By Derek Fleming
SACRAMENTO – With little time to spare before a Friday deadline, California lawmakers passed and Gov. Jerry Brown signed on Thursday the strongest protections of consumer data in the nation.
Assembly Bill 375, or the California Consumer Privacy Act, passed both sides of the statehouse and trumps a competing initiative planned for the November ballot.
“Once again California is taking the lead in protecting consumers and holding bad actors accountable,” state Sen. Bill Dodd, D-Napa, said in a statement. “My hope is other states will follow, ensuring privacy and safeguarding personal information in a way the federal government has so far been unwilling to do.”
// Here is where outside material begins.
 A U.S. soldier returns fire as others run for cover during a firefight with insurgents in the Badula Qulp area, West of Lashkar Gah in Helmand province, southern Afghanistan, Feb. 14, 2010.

Data privacy has dominated headlines in 2018. Facebook found itself in hot water when it was revealed that personal information of up to 87 million people worldwide was exposed. The firm Cambridge Analytica compiled data from Facebook users to create software designed to predict and influence voters in support of Donald Trump’s presidential campaign. Facebook acknowledged it was aware of the breach as early as 2015, but did not take steps to correct the problem.
The effort to create strong consumer data protections found in Assembly Bill 375 began over two years ago, however, when Californians for Consumer Privacy chair Alistair MacTaggart began drafting an initiative. His measure received enough signatures to qualify for the November ballot, but will now be removed in favor of AB 375.
“This is a monumental achievement for consumers, with California leading the way in creating unprecedented consumer protections for the rest of the nation,” MacTaggart said. “As the effort to empower Californians with critical privacy protections continues, we are heartened by and appreciative of the participation of many stakeholders and privacy advocates in this process and look forward to their continued involvement as the vision for greater consumer privacy becomes reality. It’s my strong belief that these new California rights will soon extend to the rest of the United States.”
The act is not without controversy – nor is it necessarily complete, something acknowledged by co-author Assemblyman Ed Chau, D-Monterey Park.
“I think one of the things we will be looking at is the private rights of action, which has been raised by a number of people,” Chau said. “The attorney general may have some issues that we need to fine-tune. There might be some immediate technical cleanup that we need to work on.”
The work that remains is due to how fast the act passed. The language of the bill was created on June 21 with the gut-and-amend of a previous consumer protections bill.
Because of the work needed on the bill, it will not take effect immediately. Instead, legislators plan to work with interested parties to identify issues and ensure the bill is as complete as possible when it takes effect.
“I think that, even though the law will be delayed in its implementation, I think it will have an immediate impact, just on the virtue of its existence,” Hertzberg, one of the co-authors of the bill, said.
The act provides broad consumer protections including the right to know all data collected by a business, the right to say no to the sale of information, the right to delete data and the right to know the purpose of collecting data for business or commercial reasons. An important element of the act is the robust protection of children’s data.
“Today’s kids are the most tracked generation ever,” Elizabeth Galicia, vice president of Common Sense Kids Action said. “Their personal information, activities and networks are exposed and often for sale. This law is a strong first step in protecting kids and all consumers.”
Opponents of the measure include Amazon, Google, AT&T and Comcast, which were expected to wage a multimillion-dollar campaign had the act gone before voters. With the bill now safely signed, the bill’s supporters will now turn their attention to implementation.
“In many ways, the work has just begun,” Galicia said. “We must fight to ensure these rights are not eroded, we must ensure the attorney general can robustly enforce this law and we need to work to inform consumers of their new rights.”
The bill passed unanimously and it was signed into law by Brown during the press conference announcing its passage.